WATS Line 54 - ingve
http://blog.cleancoder.com/uncle-bob/2015/10/05/WattsLine54.html
======
yaur
This works well when your users are technical. On a IPTV project I worked on
the support process for our customers' network engineers was to call my
cellphone. On a CCTV project where some users barley knew how to use a
computer and one (not uncommon) problem was that user stopped paying the bill
it didn't make sense to spend development time on 99% of support calls.

IMO the trend towards insulating developers is more of a reflection on how
"mass market" technology is now compared to in decades passed than anything
else.

------
Zikes
> There are whole groups of people who serve to insulate developers from the
> real world. Customer Service. Q/A. Devops. You name it. And why do these
> groups exist? They exist because each of these are areas where software
> developers have failed so badly at that companies have had to defend
> themselves by creating whole new departments and management structures.

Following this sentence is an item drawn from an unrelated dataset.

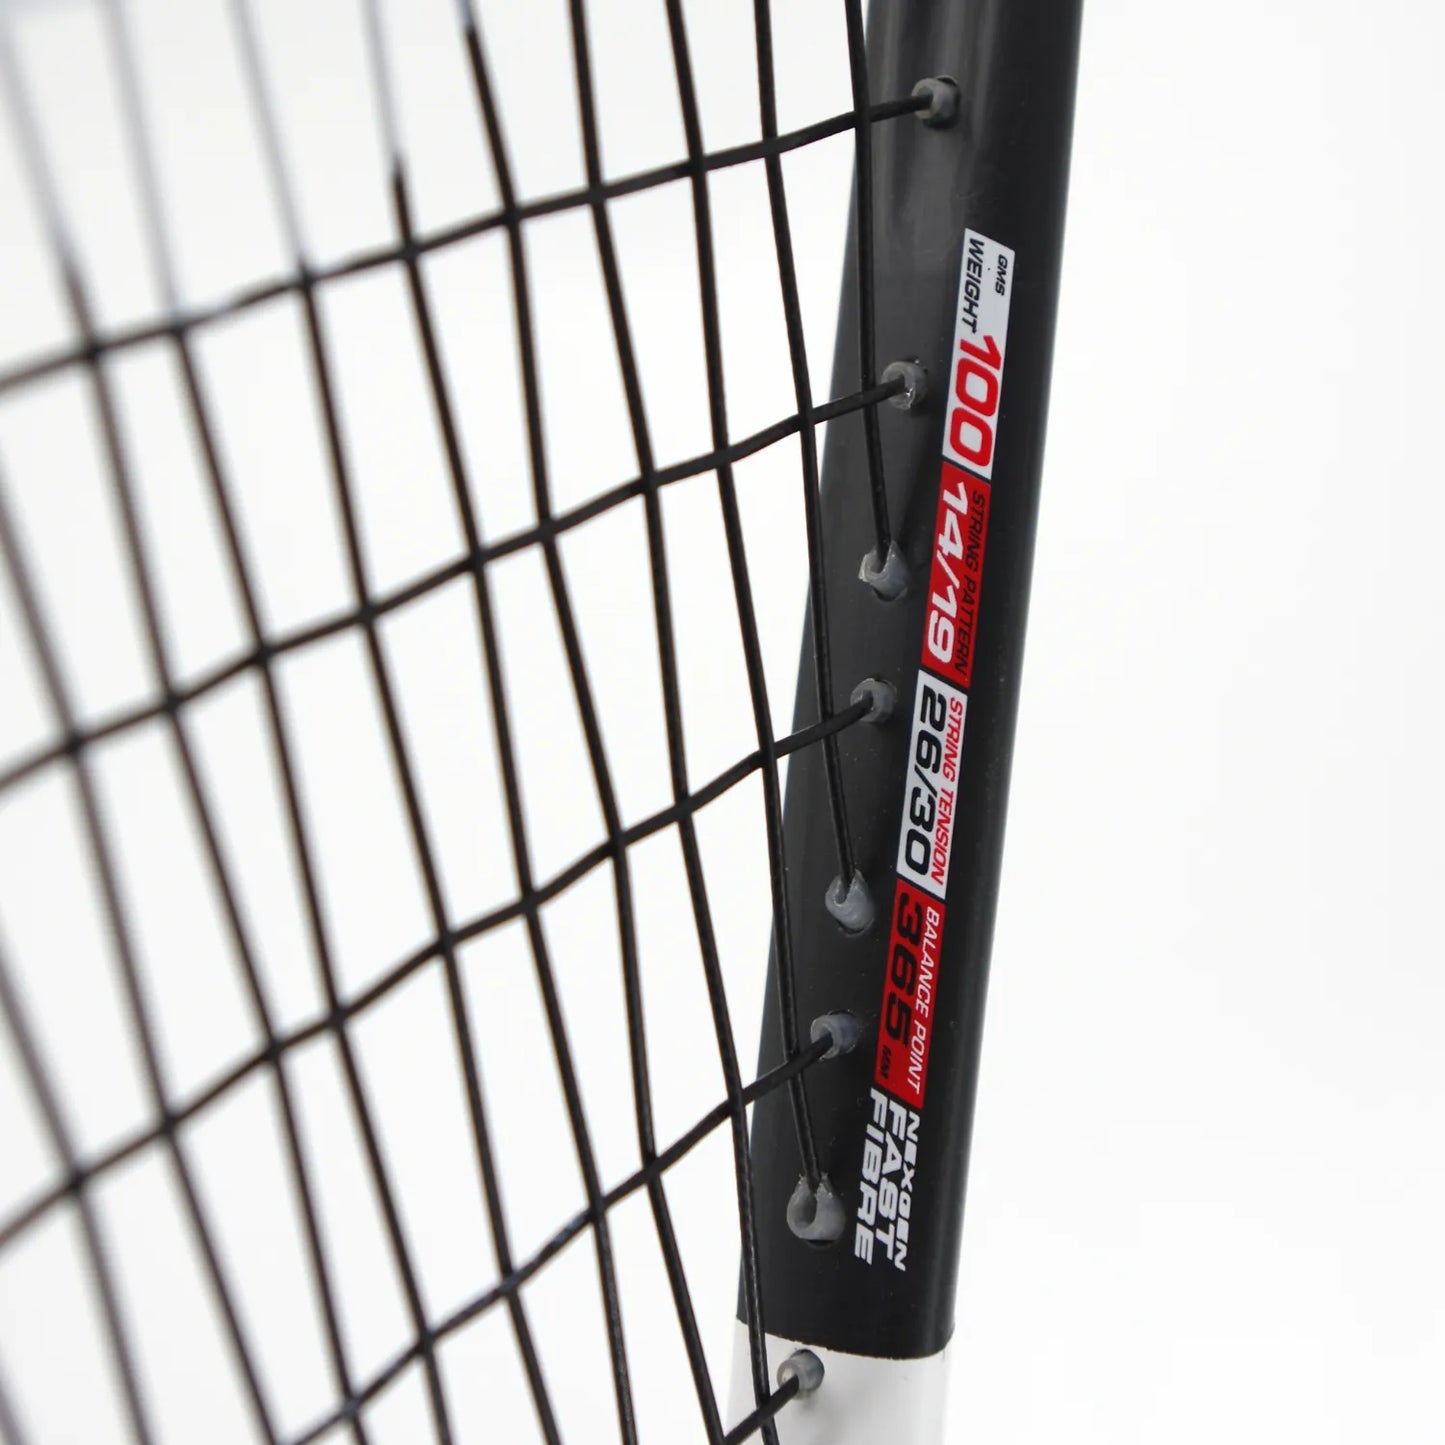 Karakal S 100ff 2.0 Squash Racket

What do you suppose would happen if there were an 800 number that every
Microsoft customer could call to get a direct line to their Windows or Office
dev teams.

------
draw_down
This is good. But you can't really think about issues of responsibility and
ownership without looking at the structure of the organization itself, and the
market it exists in. The world does not begin and end with the engineering
staff and their personal levels of responsibility.